When clinicians in a large-scale study viewed a series of digital images that showed skin diseases across skin tones and were asked to make a diagnosis, the accuracy was 38% among dermatologists and 19% among primary care physicians (PCPs). But when decision support from a deep learning system (DLS) was introduced, diagnostic accuracy increased by 33% among dermatologists and 69% among PCPs, results from a multicenter study showed.

However, the researchers found that across all images, diseases in dark skin (Fitzpatrick skin types 5 and 6) were diagnosed less accurately than diseases in light skin (Fitzpatrick skin types 1-4).

These results contribute to an emerging literature on diagnostic accuracy disparities across patient skin tones and present evidence that the diagnostic accuracy of medical professionals on images of dark skin is lower than on images of light skin,” researchers led by Matthew Groh, PhD, of Northwestern University’s Kellogg School of Management, wrote in their study, published online in Nature Medicine.



For the study, 389 board-certified dermatologists and 450 PCPs in 39 countries were presented with 364 images to view spanning 46 skin diseases and asked to submit up to four differential diagnoses. Nearly 80% of the images were of 8 diseases: atopic dermatitis, cutaneous T-cell lymphoma (CTCL), dermatomyositis, lichen planus, Lyme disease, pityriasis rosea, pityriasis rubra pilaris, and secondary syphilis.

Dermatologists and PCPs achieved a diagnostic accuracy of 38% and 19%, respectively, but both groups of clinicians were 4 percentage points less accurate for diagnosis of images of dark skin as compared with light skin. With assistance from DLS decision support, diagnostic accuracy increased by 33% among dermatologists and 69% among primary care physicians. Among dermatologists, DLS support generally increased diagnostic accuracy evenly across skin tones. However, among PCPs, DLS support increased their diagnostic accuracy more in light skin tones than in dark ones.

In the survey component of the study, when the participants were asked, “Do you feel you received sufficient training for diagnosing skin diseases in patients with skin of color (non-white patients)?” 67% of all PCPs and 33% of all dermatologists responded no. “Furthermore, we have found differences in how often BCDs [board-certified dermatologists] and PCPs refer patients with light and dark skin for biopsy,” the authors wrote. “Specifically, for CTCL (a life-threatening disease), we found that both BCDs and PCPs report that they would refer patients for biopsy significantly more often in light skin than dark skin.

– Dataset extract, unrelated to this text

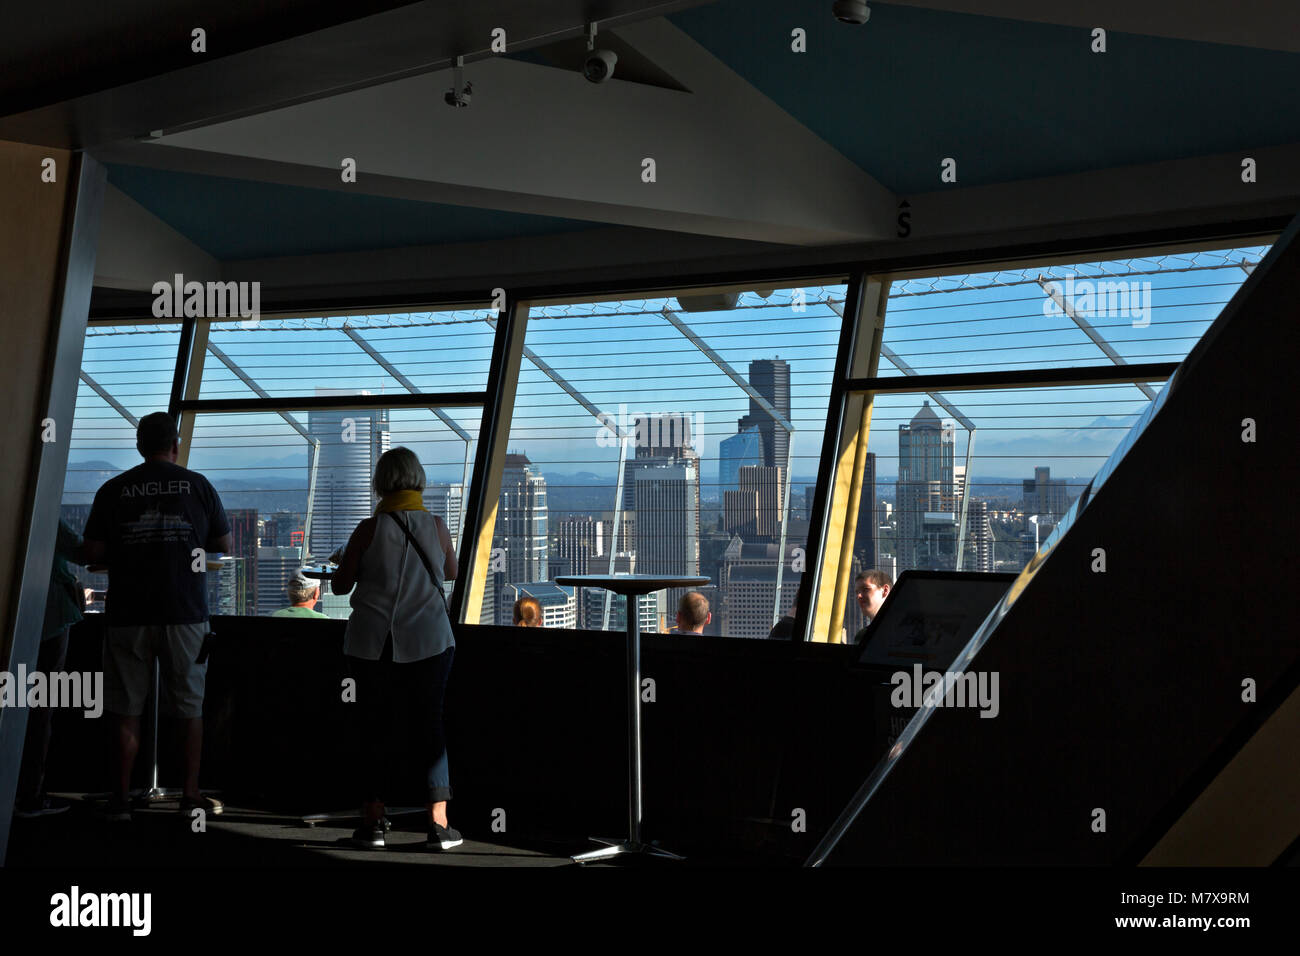 WA13799-00...WASHINGTON - i visitatori potranno ammirare il centro di Seattle dall'interno della piattaforma di osservazione dello Space Needle. 2017 Foto Stock

Moreover, for the common skin diseases atopic dermatitis and pityriasis rosea, we found that BCDs report they would refer patients for biopsy more often in dark skin than light skin, which creates an unnecessary overburden on patients with dark skin.”

In a press release about the study, Dr. Groh emphasized that he and other scientists who investigate human-computer interaction “have to find a way to incorporate underrepresented demographics in our research. That way we will be ready to accurately implement these models in the real world and build AI systems that serve as tools that are designed to avoid the kind of systematic errors we know humans and machines are prone to. Then you can update curricula, you can change norms in different fields and hopefully everyone gets better.”

Dr. Ronald Moy


Ronald Moy, MD, a dermatologist who practices in Beverly Hills, Calif., who was asked to comment on the work, said that the study contributes insights into physician-AI interaction and highlights the need for further training on diagnosing skin diseases in people with darker skin tones. “The strengths of this study include its large sample size of dermatologists and primary care physicians, use of quality-controlled images across skin tones, and thorough evaluation of diagnostic accuracy with and without AI assistance,” said Dr. Moy, who is a past president of the American Academy of Dermatology, the American Society for Dermatologic Surgery, and the American Board of Facial Cosmetic Surgery.

“The study is limited to diagnosis and skin tone estimation based purely on a single image, which does not fully represent a clinical evaluation,” he added. However, “it does provide important benchmark data on diagnostic accuracy disparities across skin tones, but also demonstrates that while AI assistance can improve overall diagnostic accuracy, it may exacerbate disparities for non-specialists.”

Funding for the study was provided by MIT Media Lab consortium members and the Harold Horowitz Student Research Fund. One of the study authors, P. Murali Doraiswamy, MBBS, disclosed that he has received grants, advisory fees, and/or stock from several biotechnology companies outside the scope of this work and that he is a co-inventor on several patents through Duke University. The remaining authors reported having no disclosures. Dr. Moy reported having no disclosures.

Publications
Topics
Sections

When clinicians in a large-scale study viewed a series of digital images that showed skin diseases across skin tones and were asked to make a diagnosis, the accuracy was 38% among dermatologists and 19% among primary care physicians (PCPs). But when decision support from a deep learning system (DLS) was introduced, diagnostic accuracy increased by 33% among dermatologists and 69% among PCPs, results from a multicenter study showed.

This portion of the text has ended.